My fingers dipped between my legs to gently tease my folds, agonisingly slowly. I swept my fingers towards my entrance, slick with wetness, before teasing my aching clit. I shook slightly – our teasing has made me so, so close. I know I didn’t have to, but I wanted to tease him a little; I brought my finger to my mouth and licked; the salty-sweet taste of something so completely myself, brought a wave of shuddering ecstasy unlike anything I’d previously felt. I heard a low groan and the sounds of stroking increase their pace.
“Fuck. I love watching you, Evy. I want to taste you.”
Hearing his pleasure, I couldn’t stop myself; my fingers found their way back to my centre and desperately rubbed my clit. “I want that so much.”
For a minute there was only the sounds of my stroking, our mutually unintelligible moans; we both concentrated on our own pleasure, watching the other touch themselves and wishing we were touching each other.
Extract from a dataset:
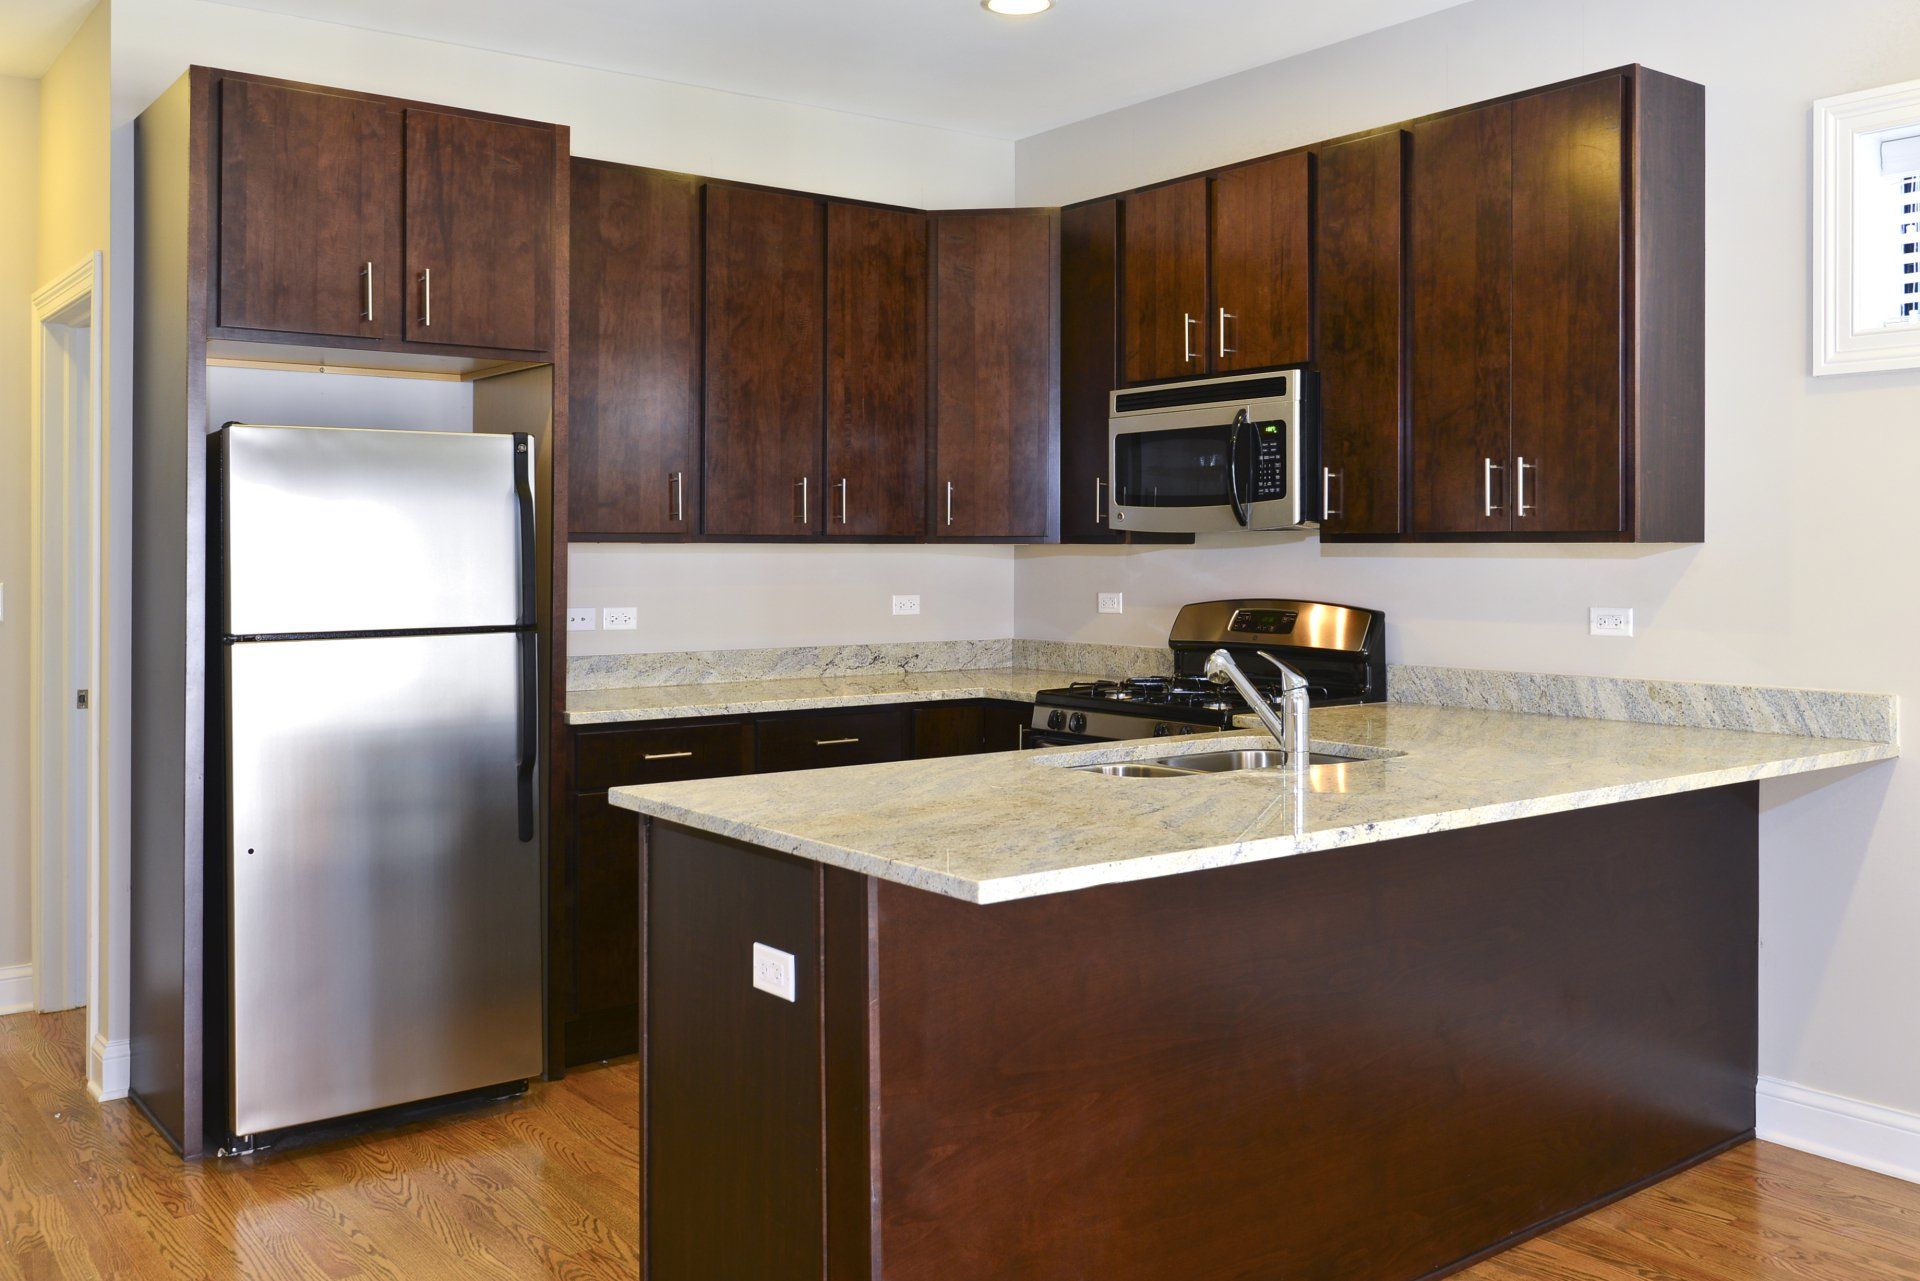 A kitchen with stainless steel appliances, oversized breakfast bar, and wooden cabinets at The Belmont by Reside Flats.
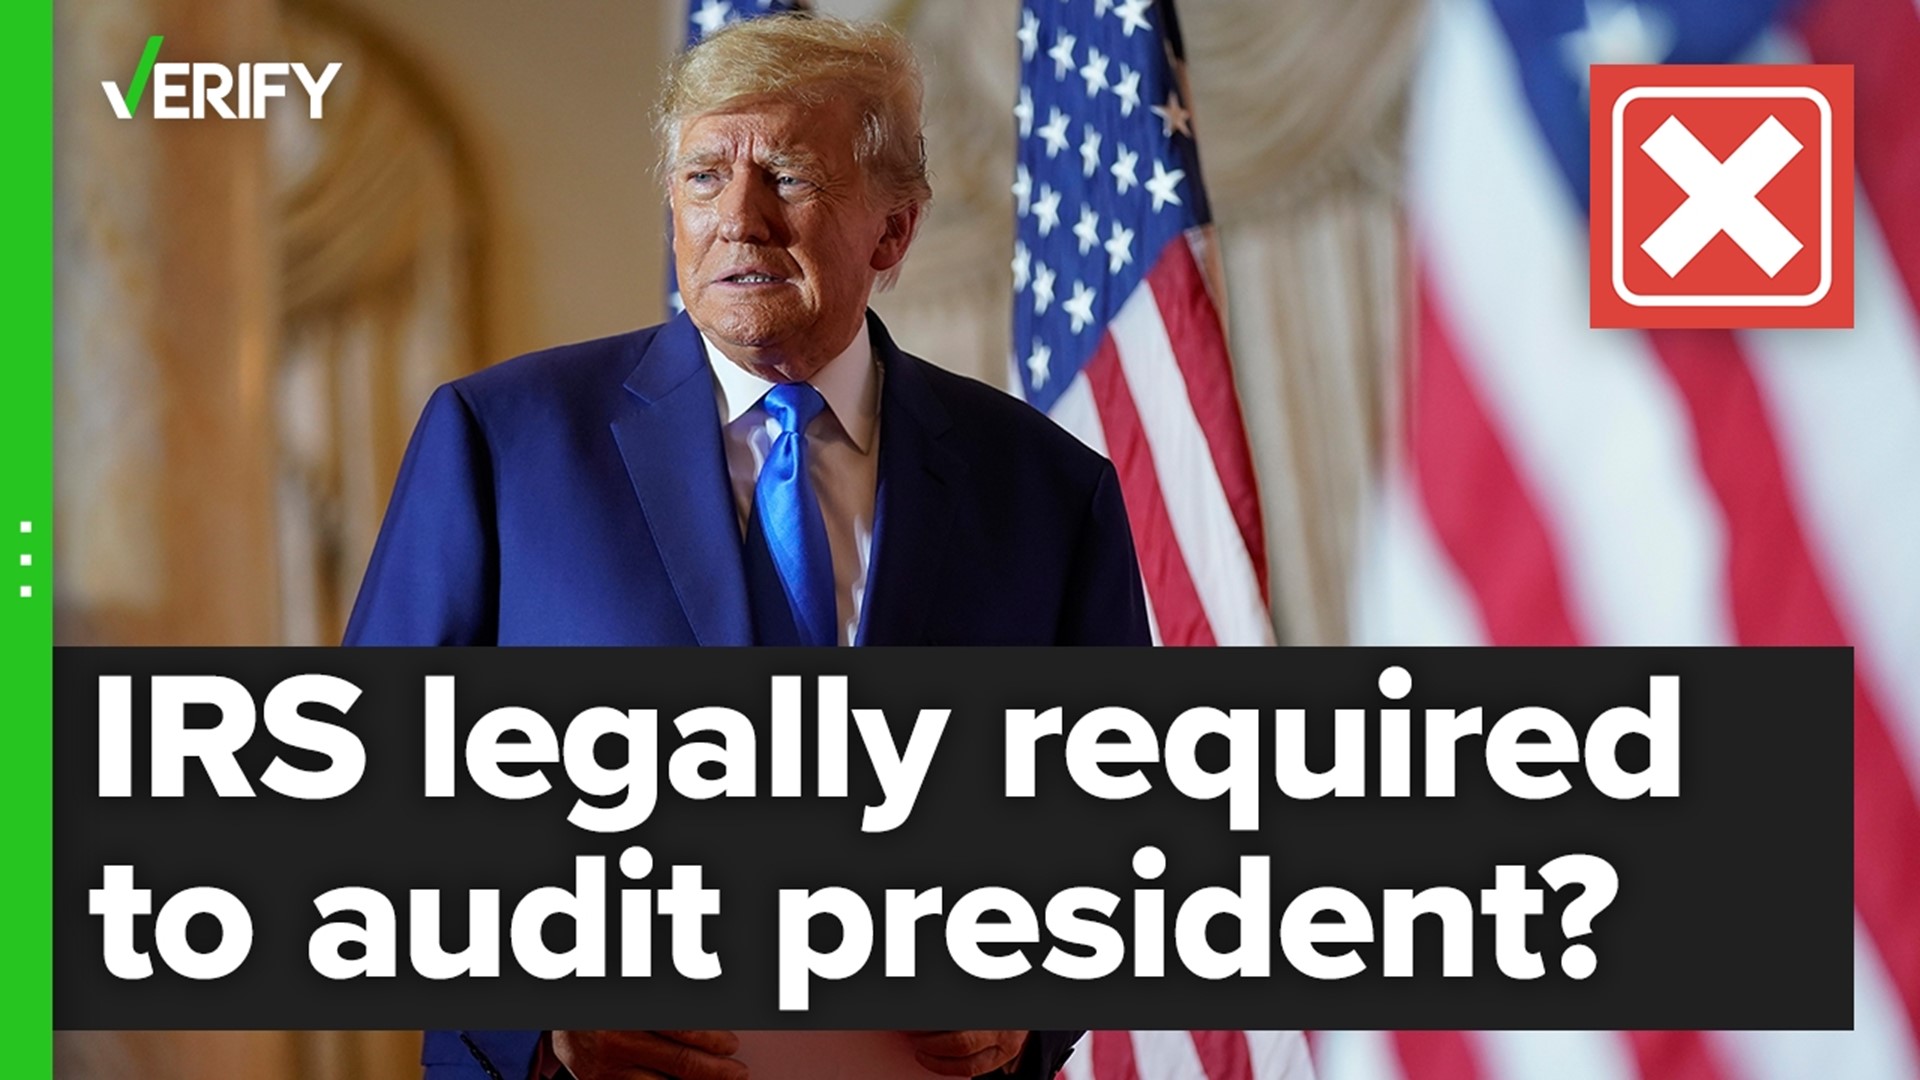 Presidential audits have been official IRS policy since 1977, but they aren’t mandated by law.

“I – I can’t last a lot longer.” I felt my body tense rhythmically, approaching that pleasurable height. I wanted to be there now and to never get there. I wanted us to watch and be watched all night.
“I want to see you cum. Think you can do that for me?”
“Fuck!” I let loose that one guttural expletive before collapsing into a shuddering mass of limbs and pleasure. I floated on clouds and was torn a hundred different ways through waves and waves of bliss. My nipples ached and I felt the rush of blood in my ears. La petite mort.
When it had subsided, I lazily looked at my screen feeling like a kitten who had just woken from a nap. He was harder than I’d ever seen; thick, almost angrily red, still stroking, obviously holding himself back.
“Can… can I watch you, now? Please?”
“Fuck, yes you can. I want your mouth on me. I want to explode inside you. Evy, it’s coming, I’m-!”
Rope after rope of thick cum burst unrelentingly from the tip, covering his tummy, each one accompanied by a low moan and hips jerking with each spurt. I gasped at the quantity, the thickness, and my mouth watered at the thought of sucking it deep into my throat.
A few seconds passed for us both to catch our breath. Almost simultaneously, we grabbed at towels to clean ourselves of our respective fluids to some slightly awkward laughter and desperate reassurances.
“Did you like that?” I asked, hoping I’d pleased him.
“I haven’t cum that hard in a long time. So yes, I liked it. You looked so good. And I think you liked it too?”
I blushed and hid my face under my blanket. “Maybe, definitely,” my response was muffled. I heard him chuckle. We lay there, completely naked to each other, resuming conversations from earlier in the evening with ease.
An intensely comfortable silence fell like mist over the sea. Both of us had burrowed ourselves into our blankets and pillows, revelling in the afterglow of wanting and being wanted. My eyes had closed, daydreaming of being held, kissed, touched, while languor washed over us both.
Nathan interrupted my reverie in a halting voice - “Would you, um, like to do that again, err, soon-ish, maybe?”
One eye opened to reveal a man still growing into himself, shy and uncertain, trying his best to be suave. There was something so endearingly sexy about it. I caught myself, unbidden, feeling the desperate need to sit in his lap and touch every part of his body. I felt my face flush cerise. I wanted to feel his touch burn into my skin, my lips caressing his shoulders, chest-
“Evy?”
“I- I would really like that. If you’d want to?”
With the softest of smiles and a gentle blush, he reassured me, “yes, I definitely want to.”
We fell back into that comfortable silence, each occasionally catching the other staring at the other, and blushing, and pretending that we hadn’t. A mutual secret, to prevent any words that might intimate at more than either of us were ready to articulate just yet. Far too late for reasonable slumber, we realised the time; exchanging various affections and goodnight’s, we slept with the delicious promise of further episodes as soon as could be managed.